Gleich zu Beginn lockt ein Ausflug zu „The Beach“ mit minimalistischen E-Gitarren, dezent eingesetzten Drums und glockenheller Stimme von Ellie Rowsell – was ruhig, mit leichtem Wellengang begann, setzt sich vehement aufwallend fort und steigert sich kurzzeitig in eine kleine Rock-Ekstase. Nach 2:35 legt sich der Sturm wieder, um „Delicious Things“ freien Lauf zu lassen: Darin steckt ein federnd angelegter Rock-Rhythmus, mit hymnischen Melodienbögen gesegnet, psychedelisch pastellig betupft und dank Break schön aufgelockert. „Lipstick On The Glass“ wandelt etwas auf den Spuren einer PJ Harvey – dezent gezupfte Saiten, engelsgleiche Stimme und ein rockiger Drive in einem schönem Raumambiente machen Laune. „Smile“ versucht dem Zuhörer ein Lächeln mit röchelnden Synthies und knallharten Riffs zu entlocken, inklusive Drum-Drama und unschuldigem Sprechgesang. Gelungen.

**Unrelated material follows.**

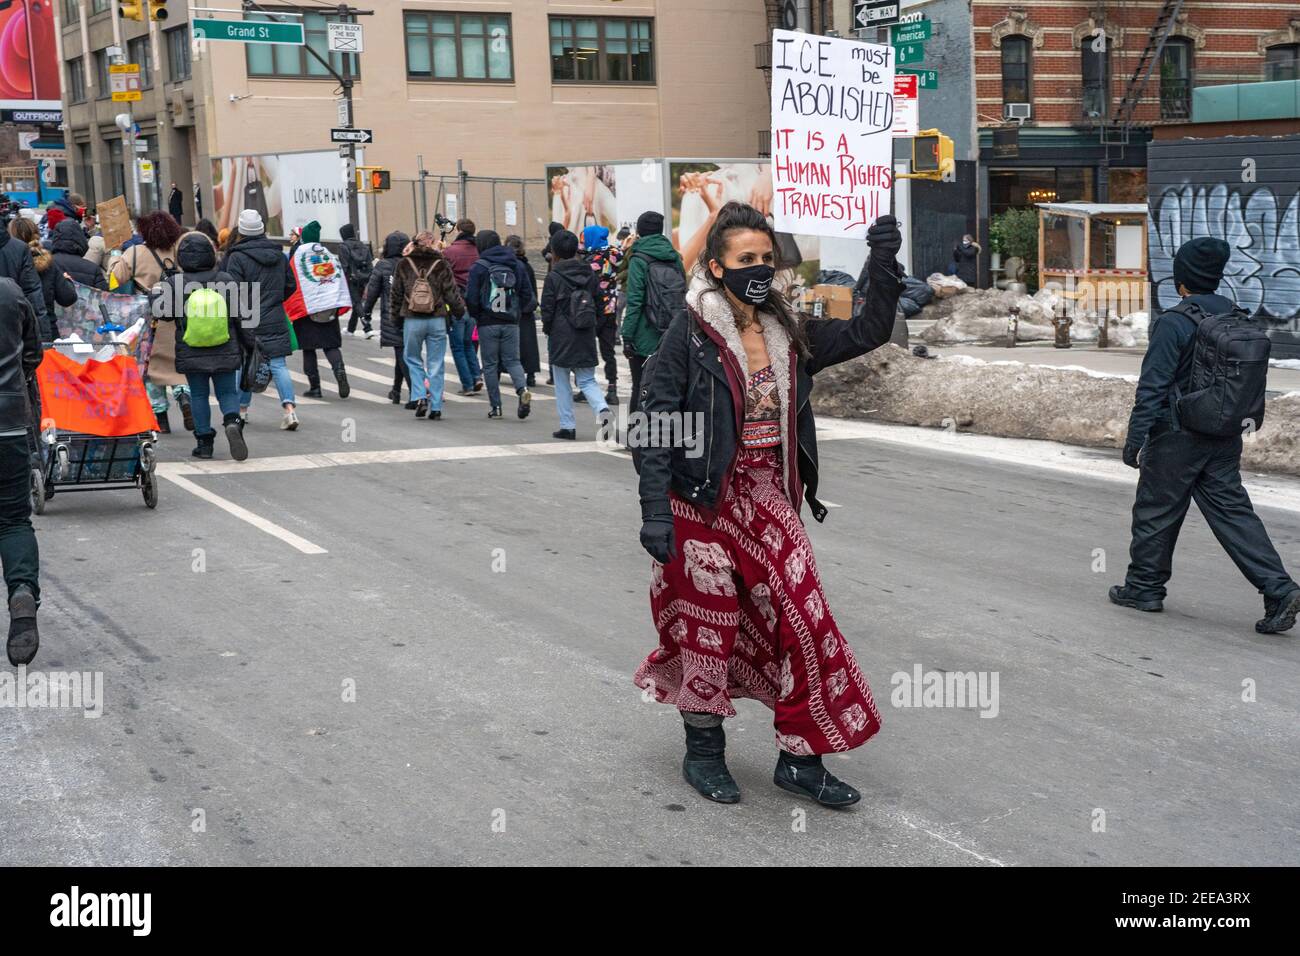 NEW YORK, NY - 15 FÉVRIER : un manifestant tient un panneau sur l'abolition DE LA GLACE lors d'une manifestation sur L'abolition DE LA GLACE (Immigration et application des douanes) le 15 février 2021 à New York. Libérez-les tous par la coalition Aboïte ICE a défilé pour Javier Castillo Maradiaga à travers le centre-ville de New York. M. Maradiaga, un Bronx de 27 ans qui vit aux États-Unis depuis son âge de 7 ans, devait être expulsé par l'Immigration and Customs Enforcement (ICE) des États-Unis. Banque D'Images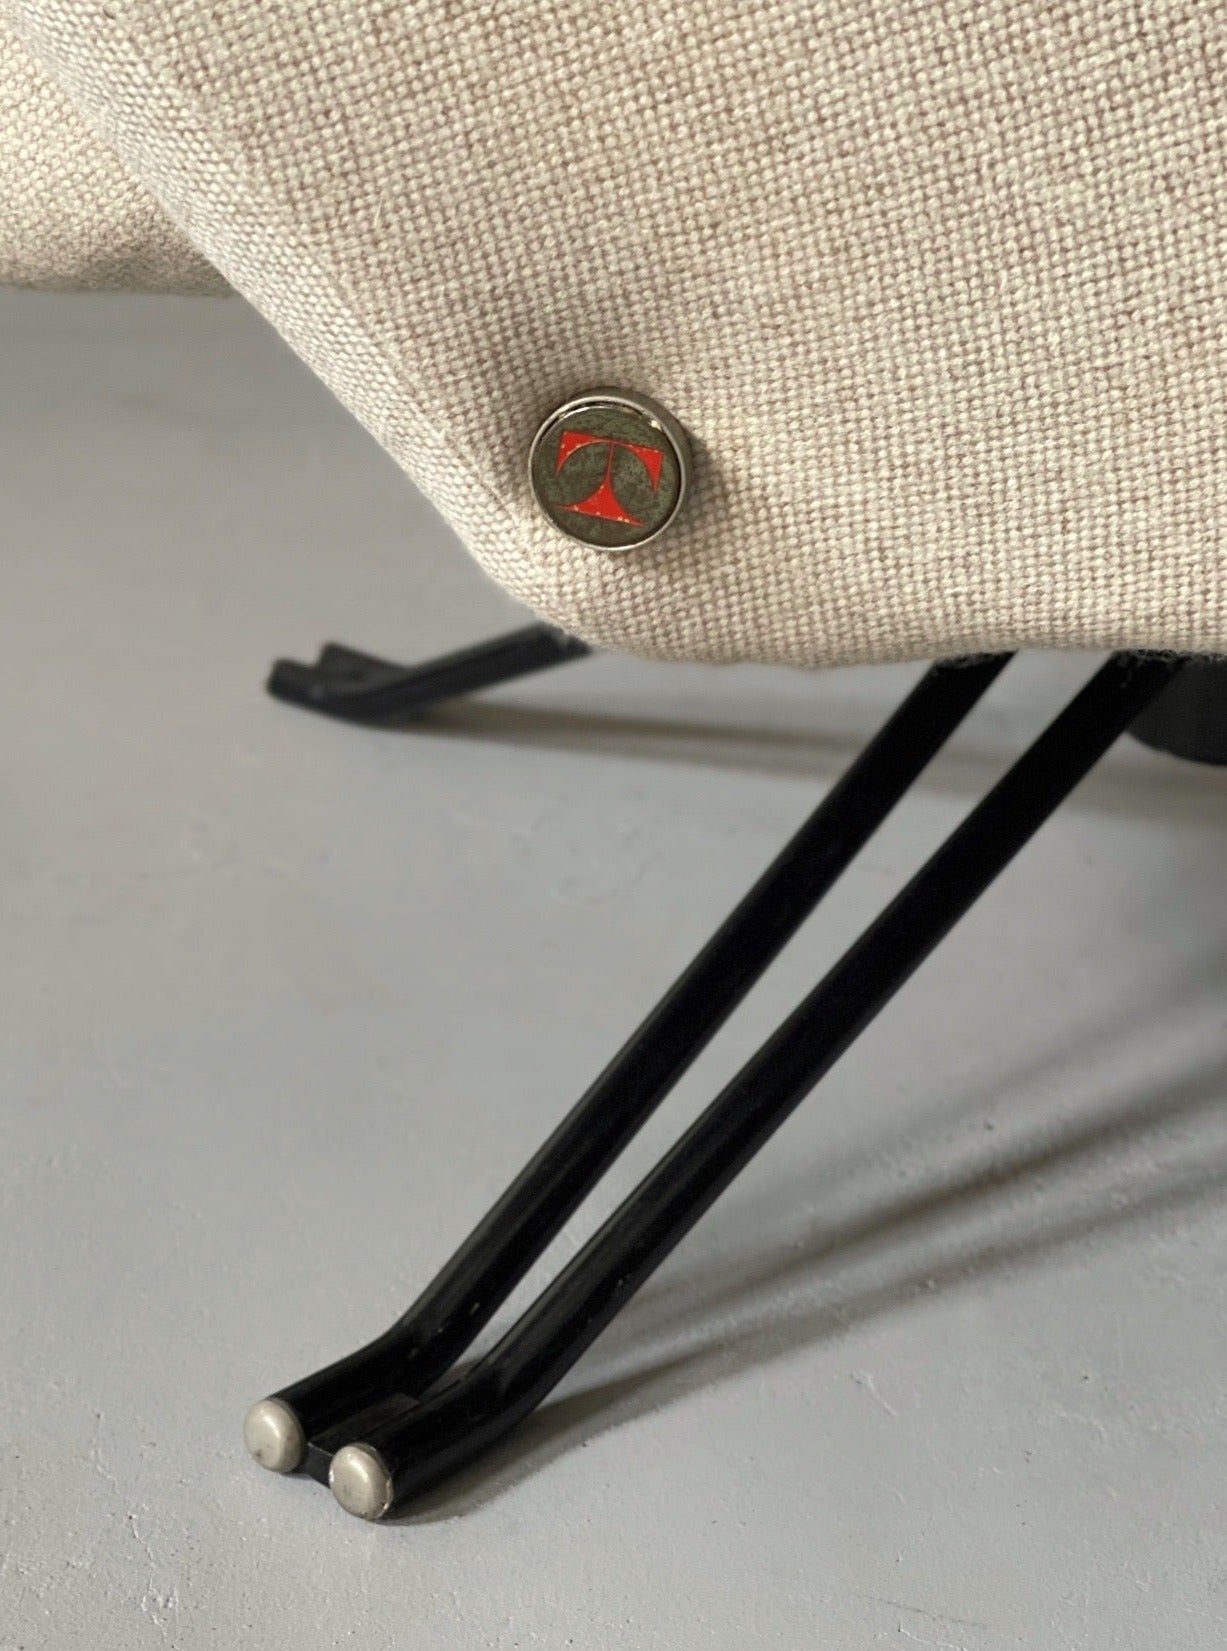 P32 Swivel Chair by Osvaldo Borsani for Tecno

„Safe From Heartbreak“ wiederum lässt beinahe schon ein bisschen 70er-Jahre Folk-Feeling aufblitzen, dank sonniger Stimmung und Akustikgitarren. „Play The Greatest Hits“ hämmert und pocht als krachender Punk-Überfall, ein bisschen Pussy Riot 2.0 … „The Last Man On Earth“ gibt sich in Slow-motion-Manier mit zarten Pianoanschlägen, verhaltenem strahlendem Stimmeinsatz, verwoben mit wärmenden Melodien. „Es geht um die Arroganz der Menschen“, so Sängerin Ellie. Am Schluss geht’s nochmal zurück zum Strand: „The Beach II“ offenbart sich als passender Ort für Handclaps, fette Basslinien und helle Stimmen, zu denen es sich prächtig bei einem Sundowner in die Abendsonne blinzeln lässt. Was für ein bereicherndes „Blue Weekend“ – ein alternatives Rock-Stück, das Appetit auf mehr macht.